Hay que tomarse un instante para maravillarnos

(Clarín) 22/05/23

Por Jorge Ballario

Los terrícolas nos enfrascamos demasiado con los avatares de nuestro mundo. Tal vez no sea mala idea cada tanto liberarnos del “ruido” cotidiano de nuestro insignificante alberque y maravillarnos de la majestuosidad del cosmos.
Introduzcámonos. El año luz es una medida utilizada para dimensionar las asombrosas distancias estelares.

Equivale al trayecto que recorre la luz en un año viajando a la velocidad de 300.000 kilómetros por segundo. Por ejemplo, el sol se halla a sólo unos ocho minutos luz de nuestro planeta; y la Luna, se ubica a un segundo y fracción luz. Nuestra galaxia mide 105.000 años luz; el universo 93.000 millones de años luz, y su edad es de 13.770 millones de años. Como vemos estas distancias contrastan increíblemente con las de nuestros “vecinos” (el sol y la luna).
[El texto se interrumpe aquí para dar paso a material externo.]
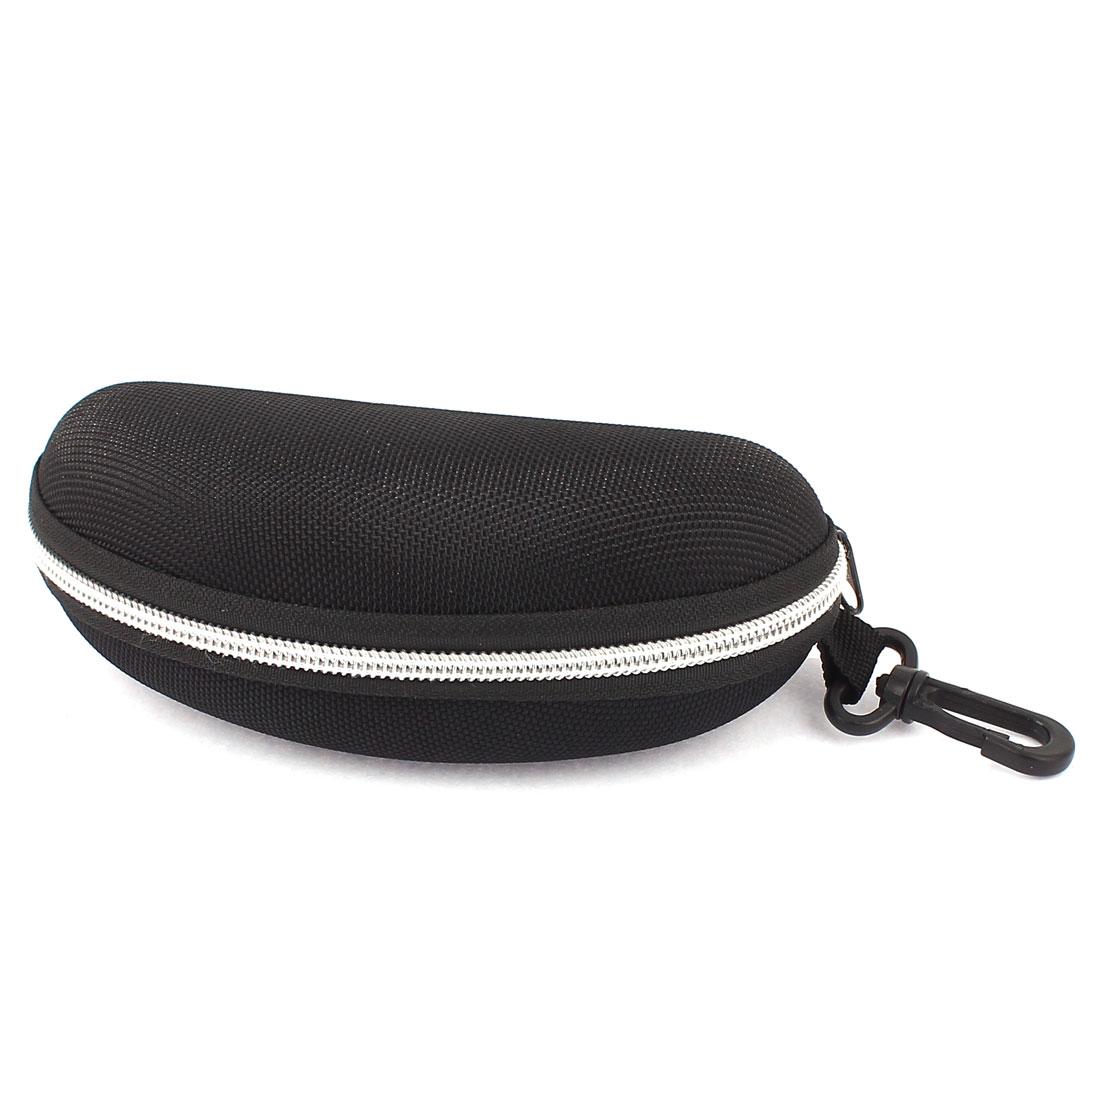 Zipper Clousure Sunglass Eyeglasses Eyewear Case Box Holder w Belt Loop

Imaginemos que realizamos un viaje a la Luna, a la fantástica velocidad de la luz. Esa vertiginosa experiencia duraría apenas un segundo y fracción, dado que se halla a 384.000 km de la Tierra. Ese recorrido equivale a casi diez giros alrededor de nuestro planeta en igual tiempo. Un avión tardaría 17 días en completarlo. Ahora ya estamos instalados en nuestra nave espacial listos para emprender esa corta pero intensa aventura. Nuestro objetivo es diminuto en el cielo. De pronto, se producen el estremecedor despegue y la brusca aceleración; en doce décimas de segundo, vemos cómo nuestro destino cósmico se acerca y agranda: esa pequeña esfera blanquecina, por todos conocida, ocupa la totalidad de nuestro campo visual. Desde el avistamiento de aquel pequeño disco inicial, hasta que casi nos posamos en él, para contemplar su áspera geografía y su envolvente horizonte, transcurrió tan sólo un estremecedor instante.

Redimensionar nuestra verdadera ubicación en el tiempo y en el universo puede contribuir a hacernos seres más espirituales.